In this sense, Losurdo argued that the “totalitarian” label deliberately defamed the USSR by association while reducing to a secondary plane the mass violence that had already been perpetrated by democratic, colonial powers in recent decades. Why do we hear so much more of the Katyn Massacre or Holodomor than the slaughter of the Mau Mau or the Bengal Famine? In Losurdo’s view, to compare Stalin to Hitler was like placing Toussaint Louverture, leader of the Haitian slave rebellion, on the same moral footing as the French slaveholders, simply because both sides had “authoritarian” leaderships.

This was, without doubt, a provocative reframing. Losurdo was untroubled by treading on toes but was sometimes tinged with contrarianism. While he recognized the exorbitant, paranoid aspects of Stalin’s leadership, his efforts to relativize it were often governed by a polemical zeal unjustified by the evidence marshaled. This made his reframing of Stalinism more “interesting” than necessarily persuasive.

Building Socialism

Losurdo long challenged that left which, in his view, abstractly criticized real attempts at building socialism without feeling the need to dirty its hands with practical choices. This was epitomized by his recent study of Western Marxism.
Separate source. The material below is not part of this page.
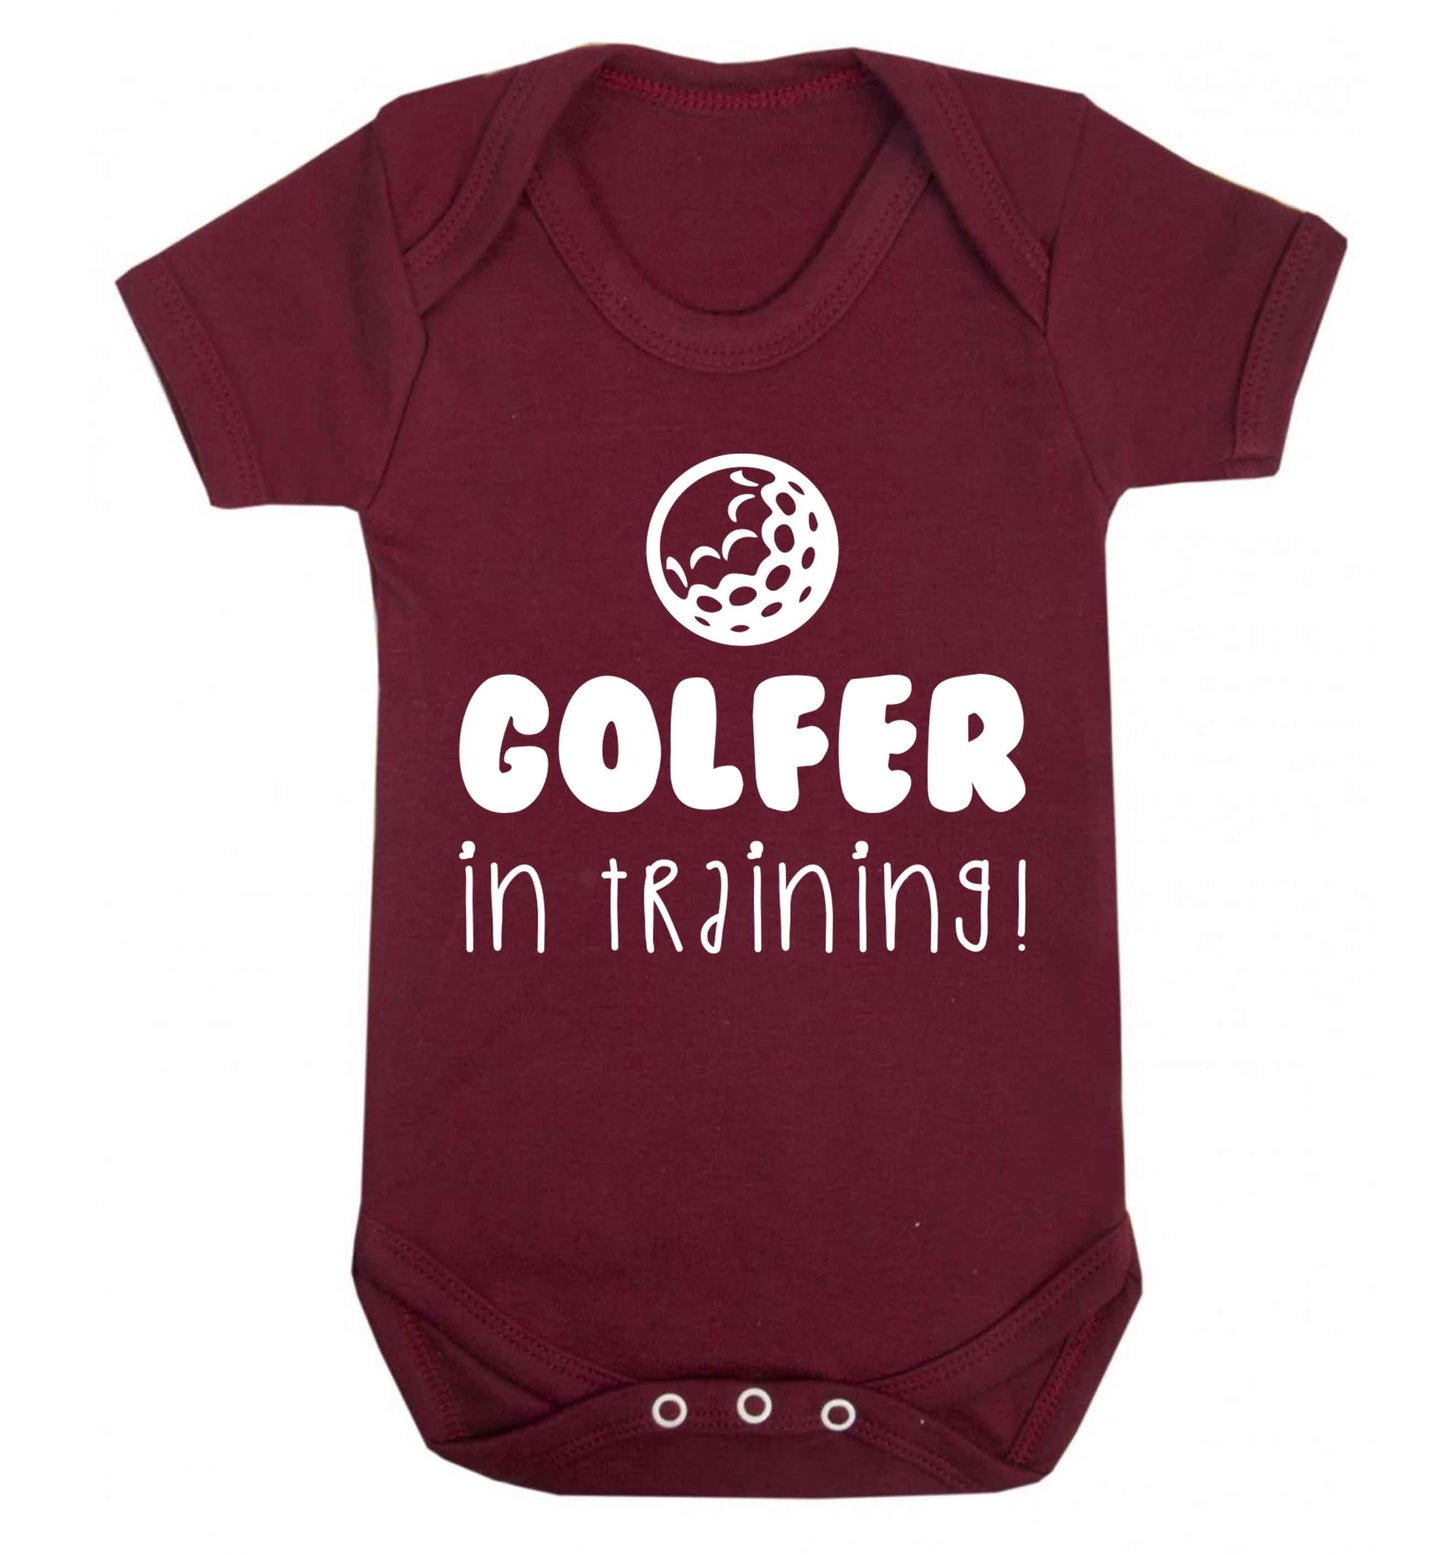 Golfer in training Baby Vest maroon 18-24 months

This insisted that far from the USSR “degenerating” because of its isolation, the Western European left atrophied into a talking shop because of its isolation from real processes of social change.

In this veneration of the USSR and indeed China (which he continued to see as a country on the path to socialism, via a kind of modern New Economic Policy), Losurdo sharply rejected any junking of twentieth-century history. He was scathing of theorists fashionable on the Western left from Theodor Adorno to Michel Foucault and sought to expose the blind spots and even racism that underpinned the dismissal of Eastern attempts at “building socialism.”

Losurdo’s political engagement bridged the divide between twentieth-century history and the present. The small Communist Party in which he was involved in recent years, naming itself after the PCI of Antonio Gramsci and Palmiro Togliatti, sought to revive the party that dissolved after the fall of the Berlin Wall. However, Losurdo’s work tended to avoid any examination of the specific processes that led the historic PCI to destruction.

Today, the Italian left is still to recover from the PCI’s death, or perhaps, its life. Its zombie-like structures are still with us, in the neoliberal Democratic Party; its remaining cultural influence embodies the nostalgia for a once-great left that is unable to give life to anything new. The hard right is on the offensive and hope seems lacking; it is perhaps easier to cling to old certainties than to begin the communist project as if from scratch.

Losurdo’s attempts to reclaim that heritage were often questionable but always stimulating. And his thought is still with us. 2019 will see English-language editions of his Democracy or Bonapartism (Verso), his vast Nietzsche biography and his study of Antonio Gramsci (both with Brill). Other forthcoming translations include studies of Hegel and of Kant. Through these titles and new readers’ discovery of his works, Losurdo’s penetrating thought will survive the tumor that killed him.